Congenital heart disease (CHD) is the most common birth defect and persists as a significant cause of neonatal and infant mortality in the United States. Prenatal detection of CHD allows for timely decision making and planning for delivery and may improve postnatal outcomes, especially in specific congenital heart defects, including hypoplastic left heart syndrome (HLHS) and D-transposition of the great arteries (D-TGA). Prenatal diagnosis remains low, however, despite nearly universal use of ultrasound during fetal development. Therefore, defining barriers to diagnosis will be essential to improving these rates. The purpose of the current study was to describe the following socioeconomic and geographic factors in subjects diagnosed with HLHS and d-TGA at Children’s National Medical Center: percentage of households living in poverty, median household income, median value of housing, population > 50% of a vulnerable ethnicity (African American, Hispanic, Native American), education level, and distance from a cardiac surgical center.

Retrospective chart review was performed for subjects with HLHS and D-TGA who had their first admission/visit recorded at Children’s National Medical Center between January 1, 2012 and December 31, 2016. Using maternal address, cdxzipstream software derived census tract data to assess socioeconomic factors.

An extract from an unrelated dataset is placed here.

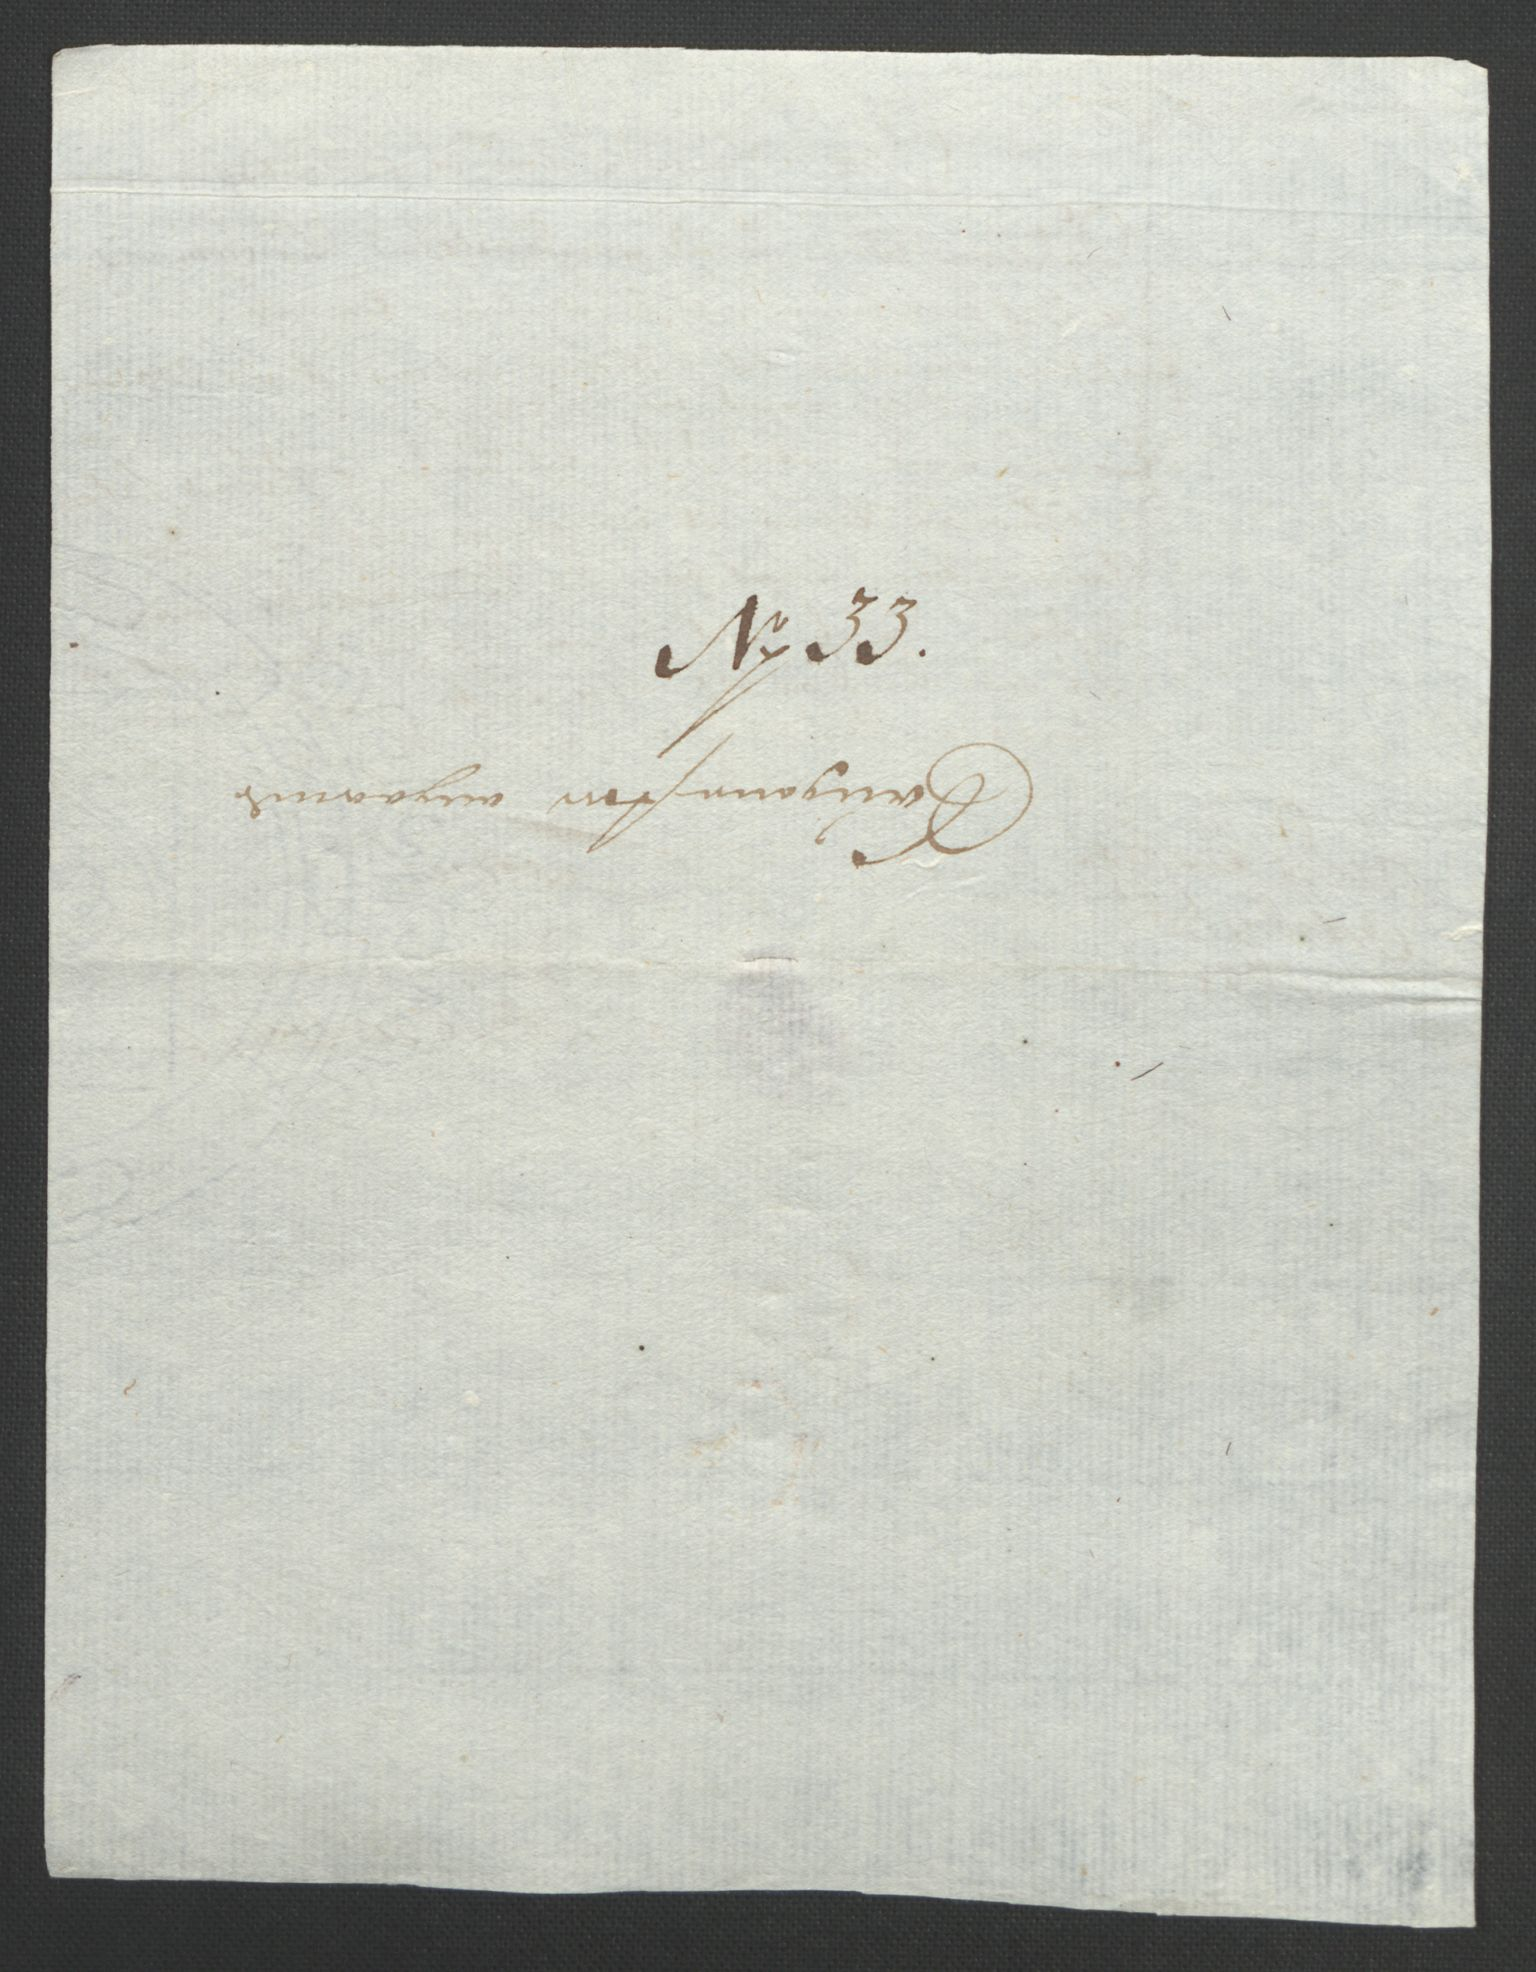 RA, Rentekammeret inntil 1814, Reviderte regnskaper, Fogderegnskap, R32/L1864: Fogderegnskap Jarlsberg grevskap, 1691, s. 232
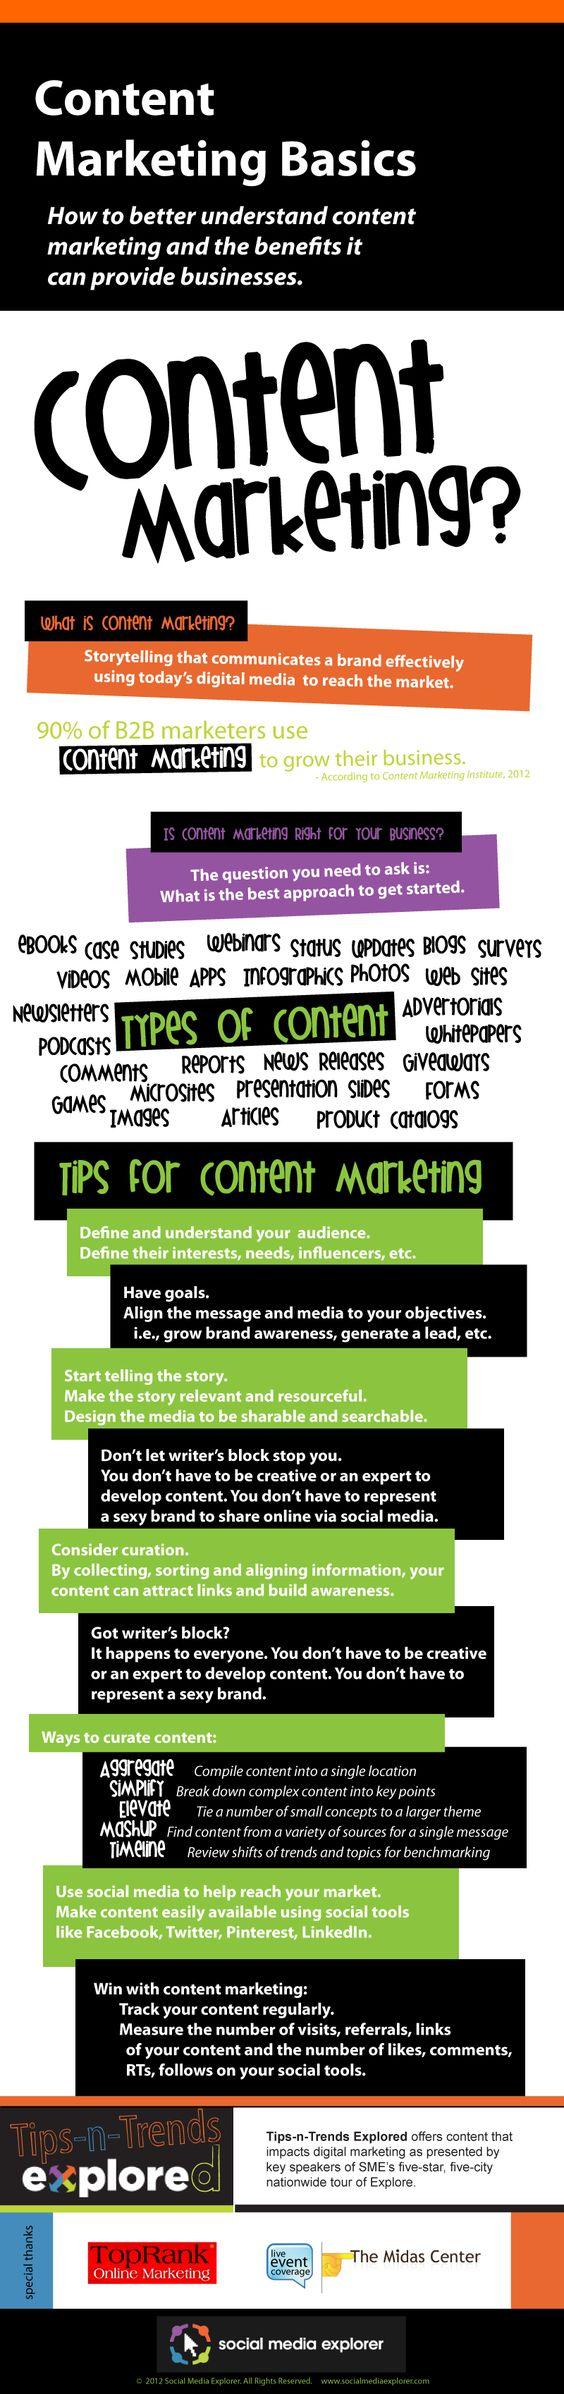 #Content #Marketing

105 subjects met inclusion criteria for the study. 59 subjects had a diagnosis of HLHS and 46 had a diagnosis of D-TGA. Census data revealed the mean of households in poverty as 9.58% (range 0.38-33.38%). Average median household income was $83,142 (range $25,957-$250,000) and average median housing value was $349,425 (range $89,000-$1,042,600). 38 census areas were >50% vulnerable ethnicities. On average, census areas were 11.64% Hispanic (range 0-79.94%), 28.13% Black (range 0-99.5%), and 0.32% Native American (range 0-7.43%). 41.54% (range 6.38-76.55%) of persons age 25+ possessed a high school degree and 49.05% (range 5.73-93.34%) of persons age 25+ possessed a bachelor’s degree or higher. As a measure of access to care, distance from a pediatric cardiac surgical center was assessed. Census areas were an average of 30.42 miles by car with an estimated 43 minutes of travel time and 33.62 miles using public transportation with an estimated 158 mins of travel time. Results analyzing differences in outcomes and socioeconomic factors between prenatal and postnatal diagnosis are pending.

By evaluating the relationship of socioeconomic and geographic factors to prenatal diagnosis of CHD, interventions can be implemented to eliminate barriers to diagnosis as well as overlapping barriers in clinical management for vulnerable populations.